The diagram shows graph structure. Nodes represent entities. Edges represent relationships. Networks process graph information. Enable relationship learning.
Detailed Graph Neural Network Implementation
Graph neural networks process graph-structured data. They aggregate neighbor information. They update node representations. They capture graph structure.
Message passing is core mechanism. Each node collects messages from neighbors. Messages contain neighbor features. Aggregation combines messages. Update function computes new node representation.
Graph Convolutional Networks use spectral graph theory. They filter signals on graphs. They work well for node classification. They scale to large graphs.
Graph Attention Networks use attention mechanisms. They learn importance of neighbors. They adapt to different graph structures. They improve performance on many tasks.
GraphSAGE samples and aggregates neighbors. It works for large graphs. It generalizes to unseen nodes. It enables inductive learning.
Diffusion models generate data through iterative denoising. Forward process adds noise. Reverse process removes noise. They generate high-quality images and audio.
The diagram shows diffusion process. Forward adds noise gradually. Reverse removes noise iteratively. Generates new samples. Works for images and audio.
Detailed Diffusion Model Implementation
Diffusion models learn to reverse noise process. Forward process adds Gaussian noise. q(x_t | x_{t-1}) = N(x_t; √(1-β_t)x_{t-1}, β_t I). β_t is noise schedule. It increases over time. Eventually data becomes pure noise.
Reverse process learns to denoise. p_θ(x_{t-1} | x_t) predicts previous step. Model learns to predict noise. It subtracts predicted noise. It recovers original data.
Training objective minimizes noise prediction error. L = E[||ε - ε_θ(x_t, t)||²]. ε is actual noise. ε_θ is predicted noise. Model learns to predict noise at each timestep.

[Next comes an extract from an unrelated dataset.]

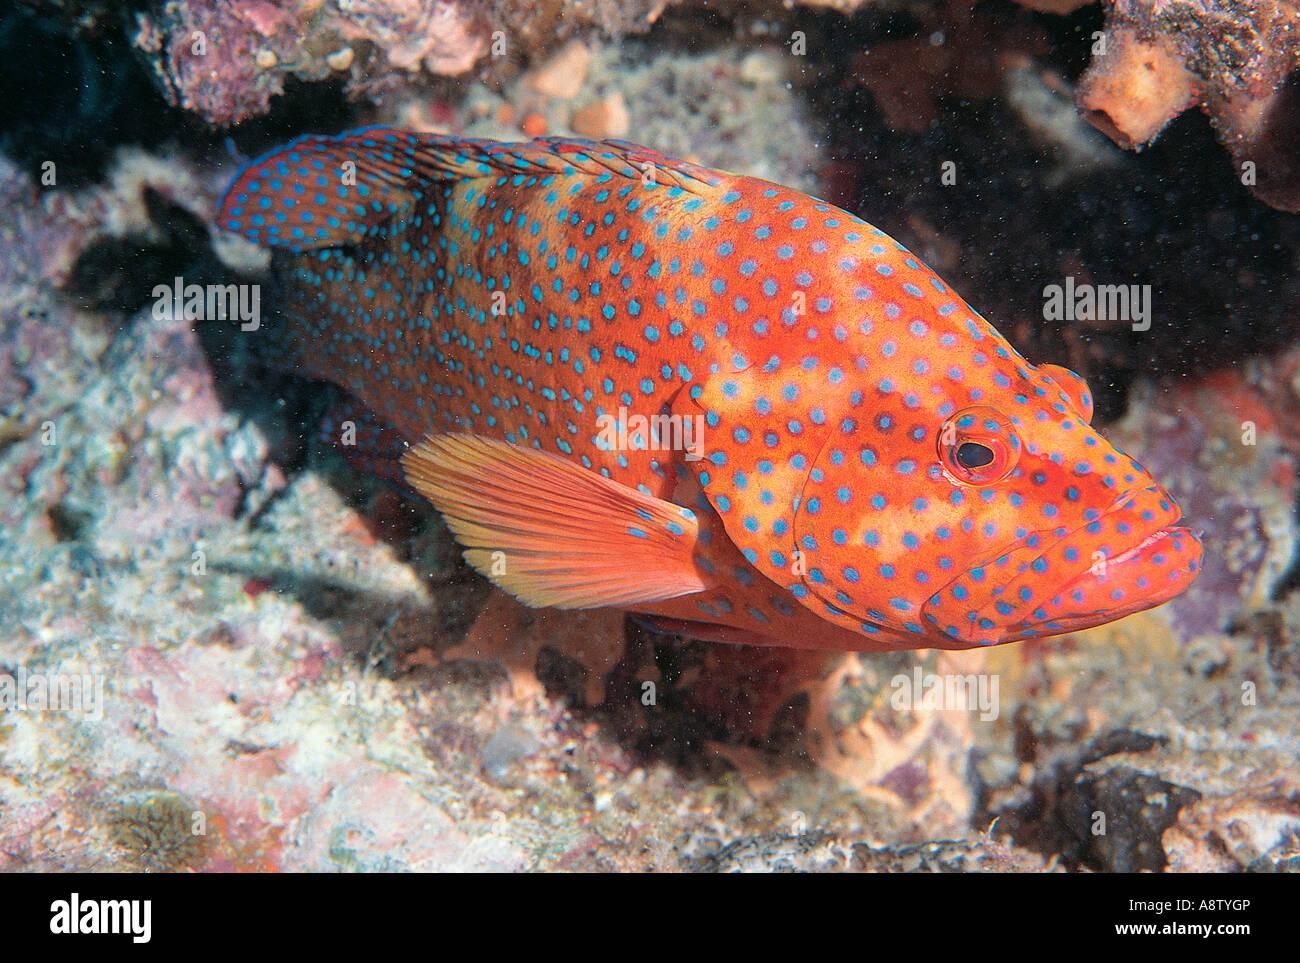 Australia wildlife queensland great barrier reef fish for Great barrier reef fish

Reinforcement learning learns from interaction. Agents take actions. Environments provide rewards. Policies improve over time. Enables game playing and robotics.
The diagram shows RL loop. Agent observes state. Agent takes action. Environment provides reward. Agent updates policy. Process repeats for learning.

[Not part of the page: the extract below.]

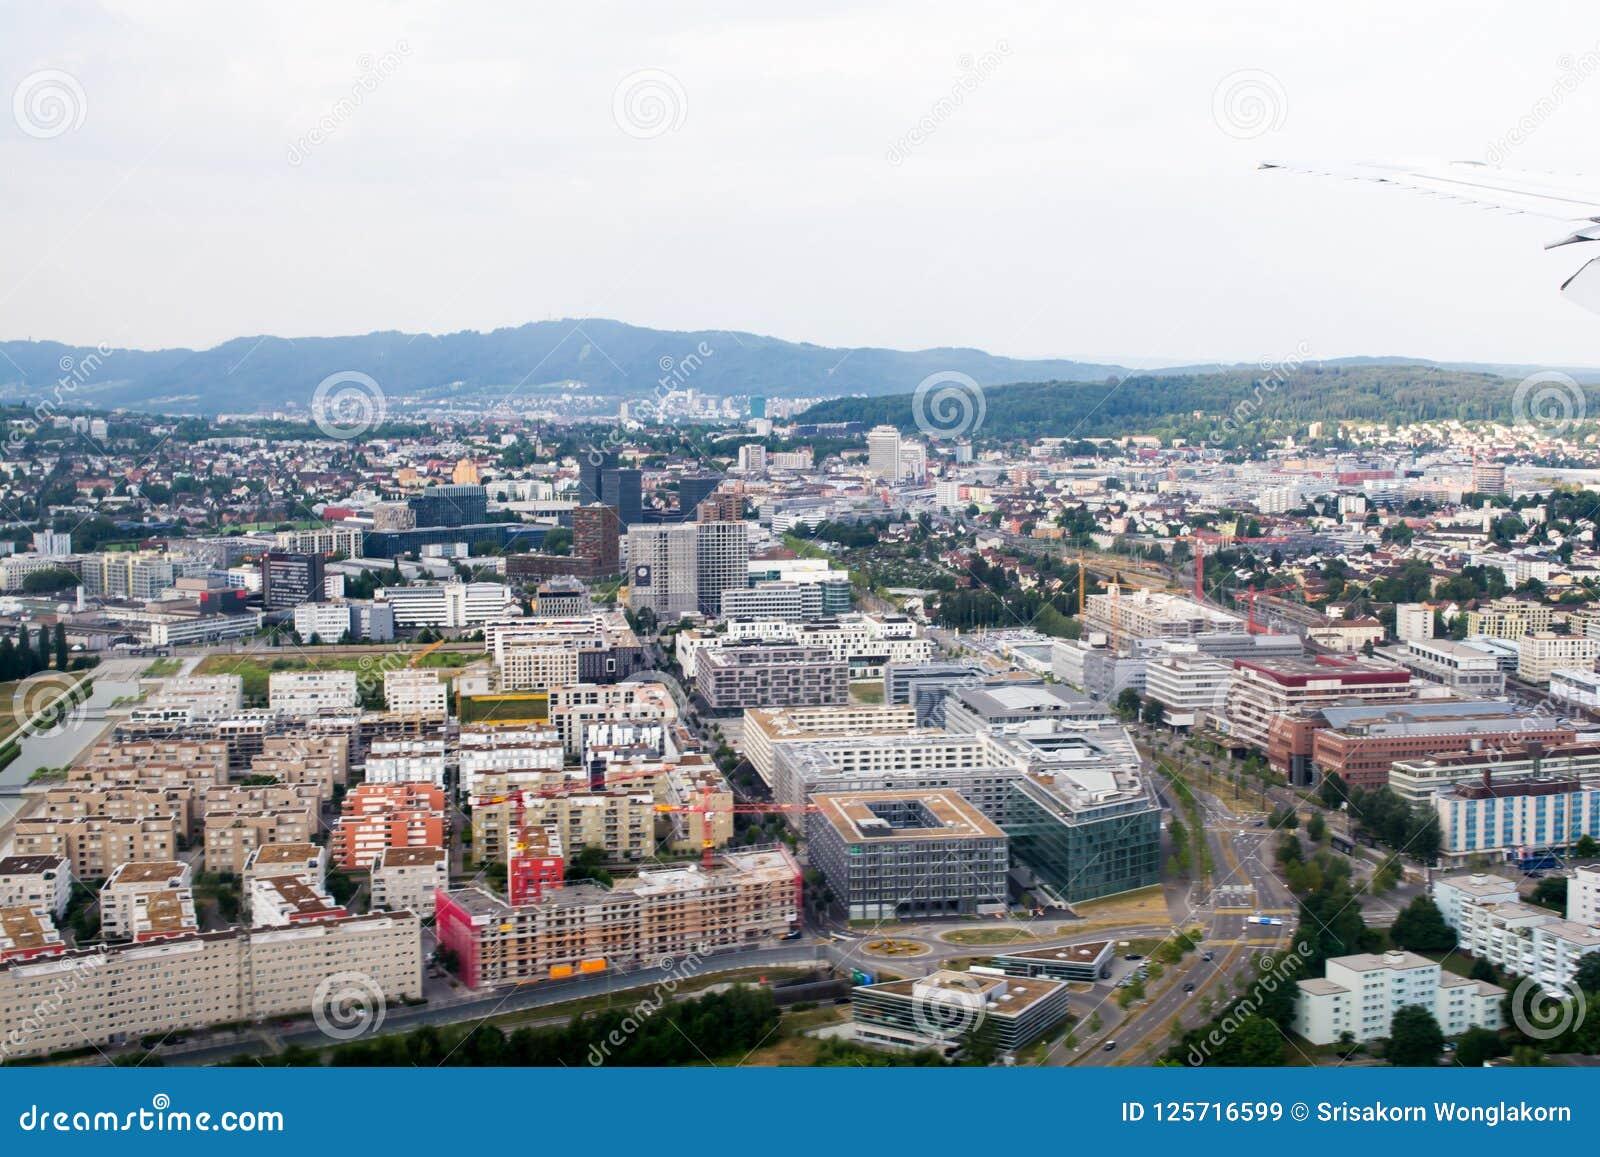 Miasto widoki od kątów, budynki, budynki, domy, rzeki i ulicy wysokości,

Detailed Reinforcement Learning Algorithms
Q-learning learns action-value function. Q(s, a) estimates expected return. It uses Bellman equation. Q(s, a) = r + γ max Q(s', a'). It learns optimal policy. It works for discrete actions.
Policy gradient methods learn policy directly. They maximize expected return. They use gradient ascent. They work for continuous actions. They require more samples.
Actor-critic combines value and policy methods. Actor learns policy. Critic learns value function. Critic guides actor updates. It reduces variance. It improves learning.
Experience replay stores past experiences. It breaks correlation between samples. It improves sample efficiency. It enables off-policy learning. It requires memory buffer.
Target networks stabilize learning. Separate network for target values. Target network updates slowly. It reduces training instability. It improves convergence.